Тем не менее история симфонической экзегезы в узком смысле слова берет свое начало с александрийской филологии, начиная с III в. до Р. Х. Комментарии александрийских авторов к Гомеру, Пиндару, Еврипиду и Апполонию Родосскому известны главным образом благодаря схолиям, которые были обнаружены на полях рукописей[25]. Согласно свидетельствам схолий, авторы комментариев к классическим текстам, прежде всего к Гомеру, стремились продемонстрировать как согласованность поэта с самим собой, так и его согласие или расхождение с другими писателями. Они сформировали набор специальных терминов — главным образом основанный на глаголах συμφωνεῖν и συνᾴδειν, — который оказал серьезное влияние на историю конкордизма у греков, включая христианскую традицию. Согласно античным филологам, понятие συμφωνία служит прежде всего критерием надлежащего издания текстов. Так, если у Гомера наблюдается разногласие между стихами, то такой случай должен быть исправлен[26]. Συμφωνία поэмы относительно своего же текста также может являться экзегетическим критерием, помогающим понять смысл одного отрывка посредством другого. Например, для того, чтобы узнать, является ли упоминание об «Олимпе» отсылкой к горе Олимп или же к небесам, комментатор приводит несколько примеров, которые, похоже, опровергают последнее представление[27]. Подобным образом, чтобы понять, был ли у мифического циклопа один глаз или два, комментатор на полях замечает, что в 9-й песне «Одиссеи», стих 503, Полифем упоминает о своем глазе[28]. Как можно понять из этих примеров, издание и экзегеза текстов Гомера были основаны на представлении о том, что эти тексты являются совершенным согласованным организмом, лишенным каких-либо противоречий, что узаконивает правило Ὅμηρον ἐξ Ὁμήρου σαφηνίζειν («разъяснять Гомера из самого Гомера»), впервые упомянутое Порфирием[29], но которое в настоящее время приписывается, с некоторой долей условности, Аристарху Самофракийскому.

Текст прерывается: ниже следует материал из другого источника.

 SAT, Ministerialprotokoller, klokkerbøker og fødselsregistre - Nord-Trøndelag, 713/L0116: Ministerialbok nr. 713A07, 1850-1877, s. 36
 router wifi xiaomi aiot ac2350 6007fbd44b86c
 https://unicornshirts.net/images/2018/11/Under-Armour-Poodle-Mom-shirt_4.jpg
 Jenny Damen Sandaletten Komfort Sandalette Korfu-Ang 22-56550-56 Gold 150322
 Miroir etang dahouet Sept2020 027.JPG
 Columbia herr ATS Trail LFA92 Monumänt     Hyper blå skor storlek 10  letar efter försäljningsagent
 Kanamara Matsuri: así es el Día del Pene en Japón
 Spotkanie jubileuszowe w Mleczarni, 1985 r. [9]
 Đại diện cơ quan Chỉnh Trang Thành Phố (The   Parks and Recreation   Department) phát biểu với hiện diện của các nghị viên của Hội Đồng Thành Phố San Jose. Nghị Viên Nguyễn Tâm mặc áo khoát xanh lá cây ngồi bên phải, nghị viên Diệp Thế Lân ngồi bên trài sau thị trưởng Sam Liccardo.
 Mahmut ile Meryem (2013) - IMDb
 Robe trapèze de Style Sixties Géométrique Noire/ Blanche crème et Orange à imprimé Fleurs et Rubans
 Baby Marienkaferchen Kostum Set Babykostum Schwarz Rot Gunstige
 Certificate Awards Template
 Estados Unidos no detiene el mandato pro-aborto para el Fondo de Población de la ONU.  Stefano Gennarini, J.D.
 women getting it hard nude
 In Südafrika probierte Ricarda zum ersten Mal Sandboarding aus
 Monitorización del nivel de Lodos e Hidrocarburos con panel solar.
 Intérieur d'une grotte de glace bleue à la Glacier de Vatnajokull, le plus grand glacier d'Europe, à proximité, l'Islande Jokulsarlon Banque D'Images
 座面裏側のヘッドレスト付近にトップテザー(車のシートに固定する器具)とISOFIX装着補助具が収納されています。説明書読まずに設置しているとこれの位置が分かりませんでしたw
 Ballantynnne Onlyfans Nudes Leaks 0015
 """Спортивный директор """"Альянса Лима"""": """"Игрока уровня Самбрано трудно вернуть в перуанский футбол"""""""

Комментаторы также могли упоминать согласие и расхождение отдельного поэта c другими авторами. Один исследователь текстов замечает, что пословица, приписываемая Солону (τέλος ὅρα μακροῦ βίου — «Смотри до конца долгой жизни!»), согласуется со стихом из Еврипида (Euripides. Andromacha. v. 100)[30]; другой же замечает, что Пиндар и Бакхилид рассказывают одну и ту же историю о Филоктете[31]

Из области филологии этот интерес к поиску согласия и расхождения в текстах — как внутри них самих, так и в сравнении с другими — переходит к историческим сочинениям. Первым историком, кто использовал специализированный лексикон, созданный филологами-александрийцами, был Полибий, который обращается к его помощи для того, чтобы подчеркнуть согласия или расхождения в своих источниках. Так, он пишет, что древние греки сходились во взглядах (συμφωνοῦσι), когда говорили, что Меотийское озеро (Азовское море) некогда было соединено с Понтом[32]. И наоборот, Полибий критикует историка Филина Акрагантского, автора труда по первой Пунической войне, поскольку его слова «никоим образом не могут быть согласны (συνᾴδειν) друг с другом»[33]. У поздних историков, Страбона или Диодора Сицилийского, понятие συμφωνία продолжает использоваться в контексте установления истины (т. е. когда согласные между собой свидетели рассматриваются как те, кто говорят правду)[34] или же для того, чтобы обличить какого-либо другого историка за его несогласие с консенсусом большинства[35]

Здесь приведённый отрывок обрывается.